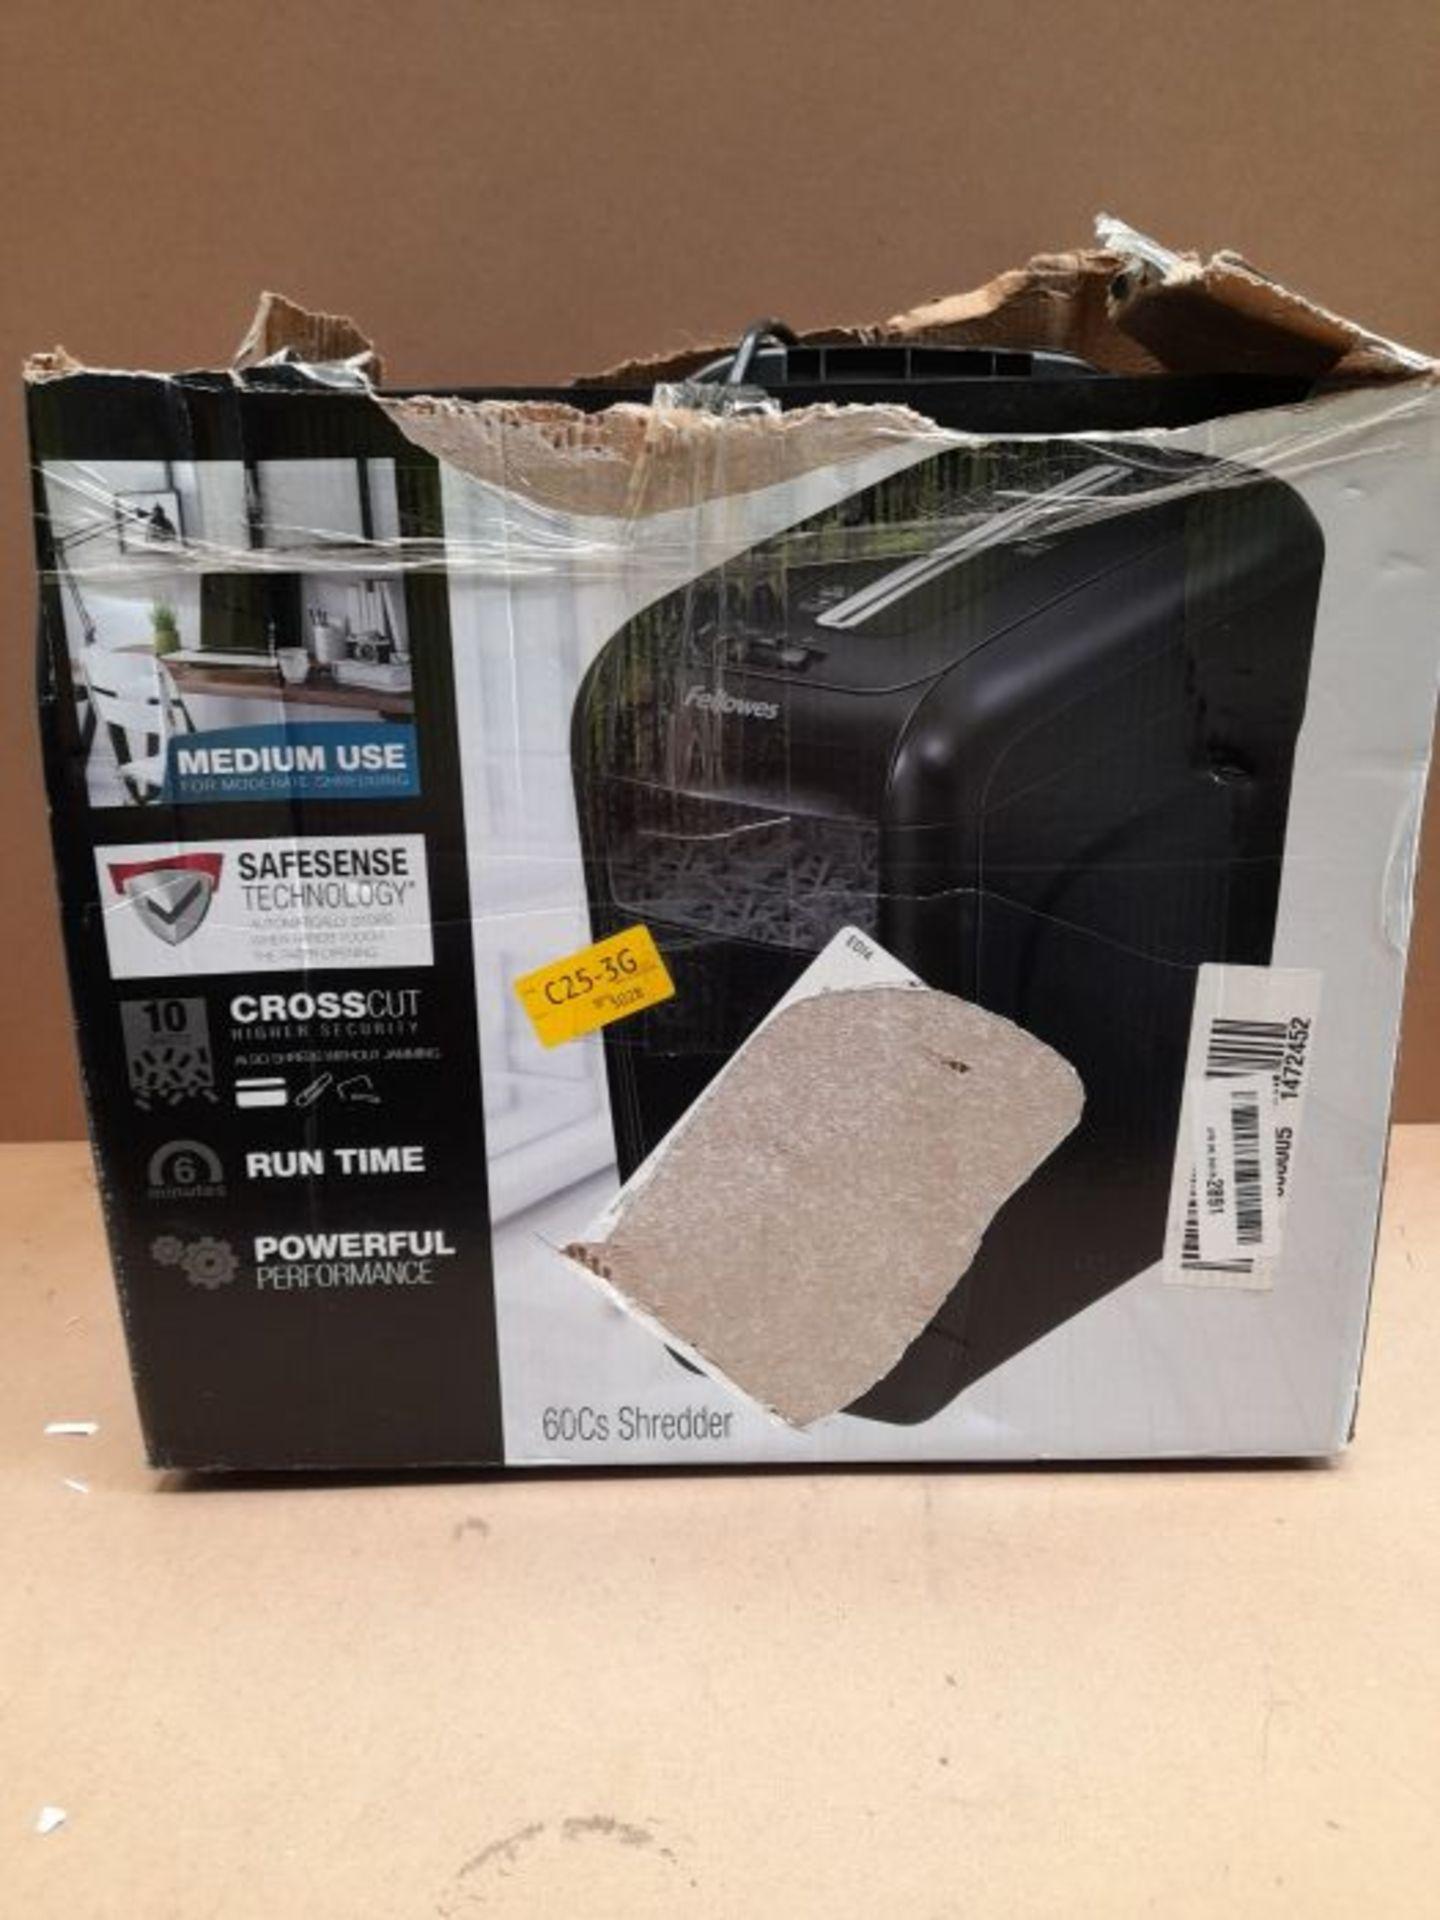 RRP £51.00 Fellowes Powershred 60Cs, 10 Sheet Cross Cut Paper Shredder for the Home or Home Offic - Image 2 of 3
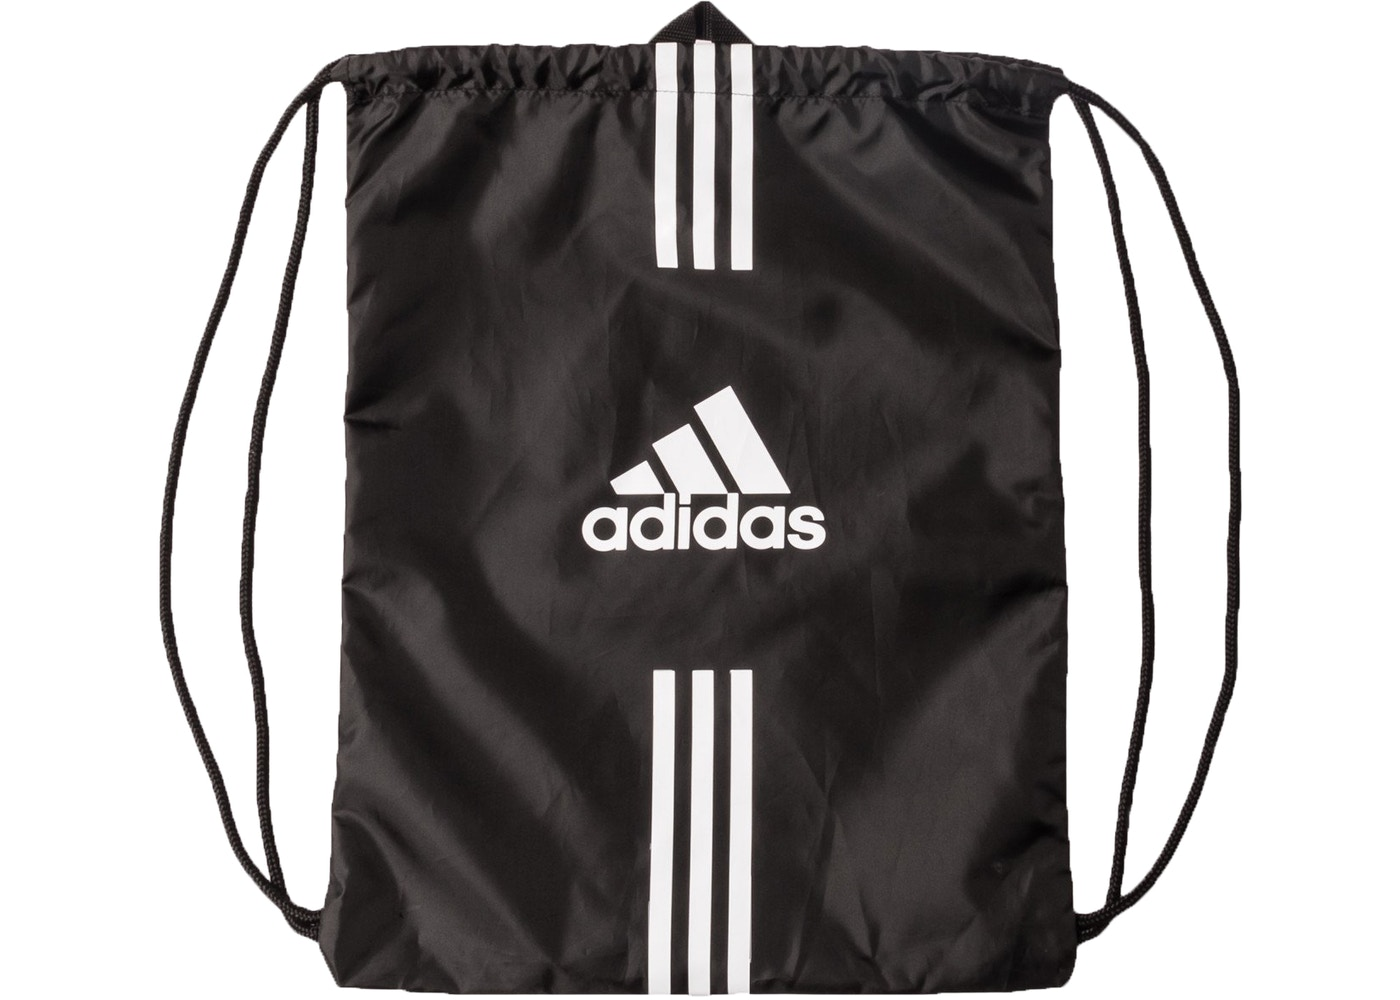 Kith Adidas Soccer Drawstring Bag Black
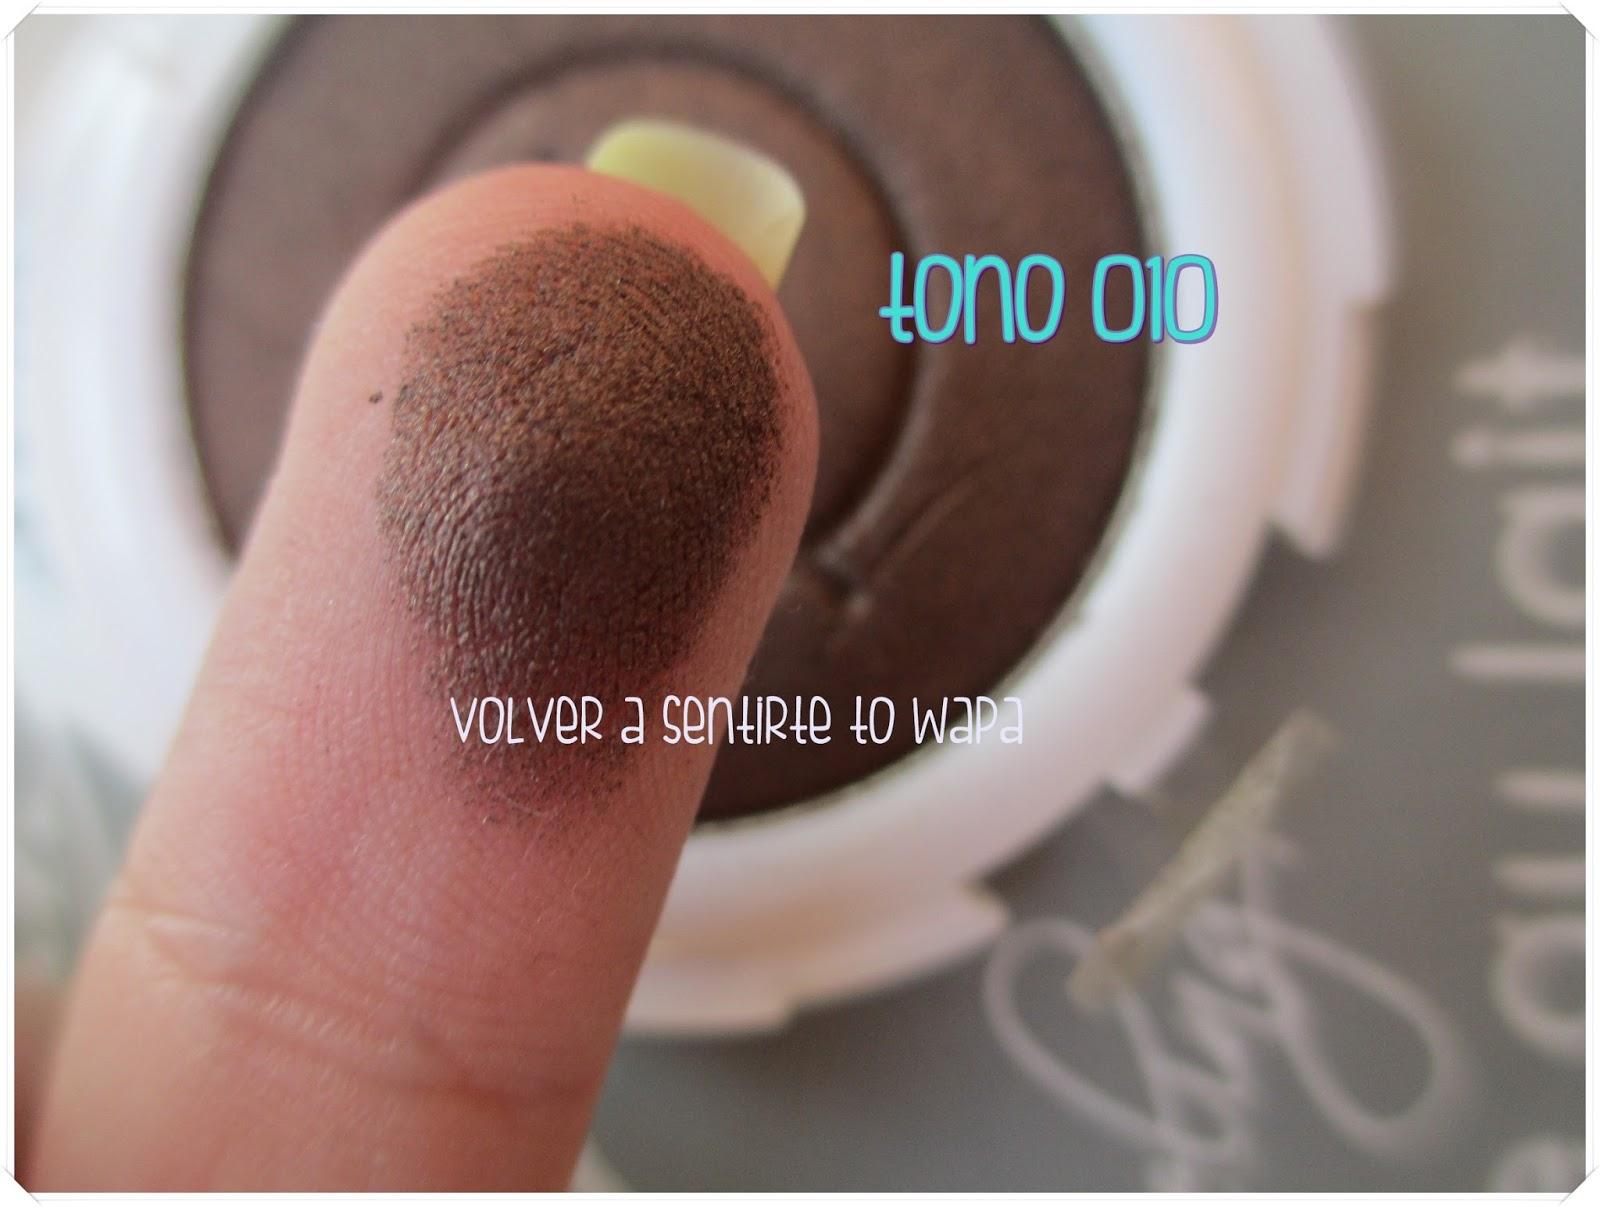 Sombras mono de Flormar - Otoño 2014 - Tono 010 Swatch

**Action item:**
Output the listing unchanged, pictures excluded.

**Exercise answer:**
 RRP £51.00 Fellowes Powershred 60Cs, 10 Sheet Cross Cut Paper Shredder for the Home or Home Offic - Image 2 of 3
 Kith Adidas Soccer Drawstring Bag Black
 Sombras mono de Flormar - Otoño 2014 - Tono 010 Swatch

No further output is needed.